Thanks for your reply.

I have tried with no local refinement around the hull and coarser mesh (237k cells) and it does get rid of those waves away from the boat but I still have some dodgy waves close to the hull, especially at bow wave. I will attach a picture later.

Could it be possible to have reflection even with symmetryPlane? my side walls are symmetryPlane.

I guess my issue is partly due to the mesh since there are some settings that do work very well with a structured mesh and do not work when using an unstructured mesh, even if it is of OK quality, for example the series 60 container ship ( https://documents.epfl.ch/users/l/lo...i-OF2.0.tar.gz ) settings will not run at all with a sHM mesh but work perfectly with a structured one (my residuals and forces blow up after 600iterations, problem coming from a random cell that is not far away from a perfect cube).

I don't know if there is a setting that allows to compensate for the unstructured mesh intrinsic defects... Would setting nNonOrthogonalCorrectors (in in fvSolution) to 1 or 2 help ? I will try that next.

Regards,

Ben

pablodecastillo August 1, 2011 18:17

Did you try to solve with interFoam?, i think that it is going to work better or at least you can get more info obseving the courant numbers residuals etc.....

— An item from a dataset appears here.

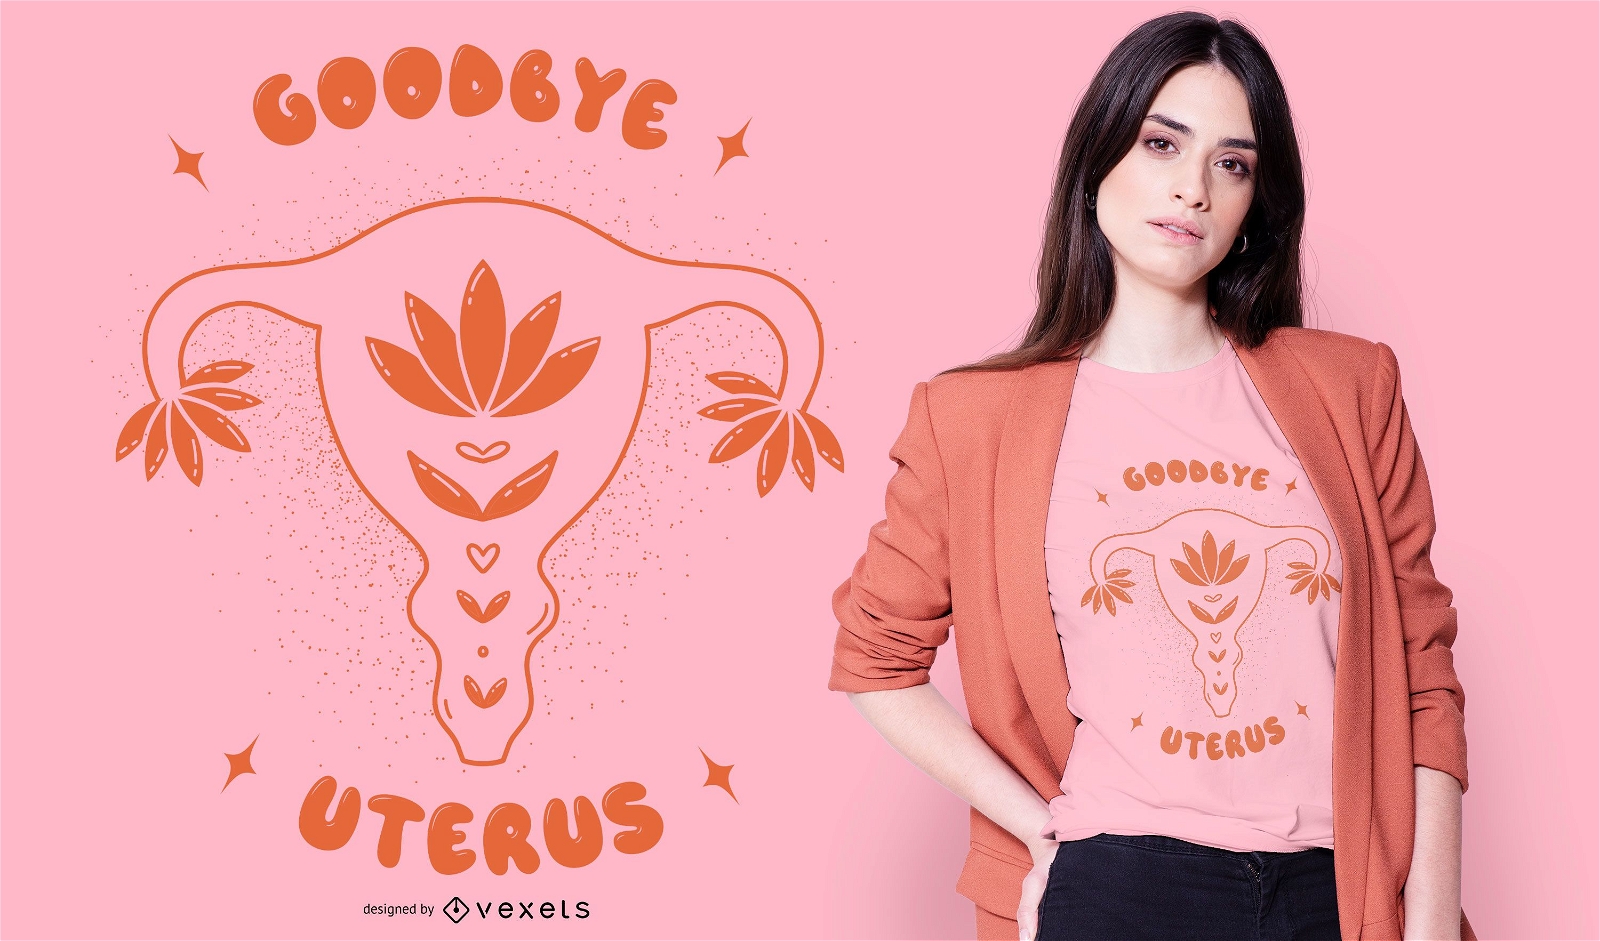 Goodbye Uterus T-shirt Design

daveatstyacht August 1, 2011 19:52

Quote:

Originally Posted by bouclette (Post 318375)
Could it be possible to have reflection even with symmetryPlane? my side walls are symmetryPlane.

I would avoid using a symmetry plane as your far wall BC since if you think about it physically that is saying you have another boat mirrored on the other side (of course if your wall is sufficiently far enough away it should be fine since the wave pattern is constrained).

The non-ortho corrector will improve the calculation of the fluxes across cell boundaries of non-orthogonal cells which is not a bad thing if you are interested in improving accuracy. I don't think it will help though in addressing this issue.

I have not used the LTS version of interFoam yet so I can't comment on the settings to use with regards to it, but I second the thought of trying a run with interFoam to see if it is specific to your setup with regards to the LTS variant or not. I have only ever seen the artificial waves form at the edges of refinement zones but not nearly as severe as those in your pictures. A higher refinement across the free surface region may help alleviate the issue by at least reducing the amplitude of the waves.

Regards,
Dave

bouclette August 1, 2011 20:02

1 Attachment(s)
Hi Pablo, Dave,

Attached is a picture of the coarse mesh that is refined on the whole domain at level 2 in sHM.

Solver was interFoam and the time is 6s so waves just start reaching the outlet and the run isn't converged yet.

As you can see, there are those dodgy waves along the hull and in the wake. I have set the nNonOrthogonalCorrectors to 1 and it didn't seem to have improved anything.

I will run the case longer over night and see what happens but on the last iterations, Co mean was at 0.0051 and Co max at 0.35 for a timestep of 0.0045s so it still seems to be going ok.

Will post an update maņana.

Regards,

Ben

vince_44 August 2, 2011 04:23

2 Attachment(s)
Hello

I use LTSInterFoam too. For a fishing vessel, I have resistant results closed to commercial CFD code and analytical results. But the free surface is not really nice (I join some picture).
On the another case (multihull), the free surface is more realistic and results close to another CFD code.
I think the problem is in the meshing. Any idea?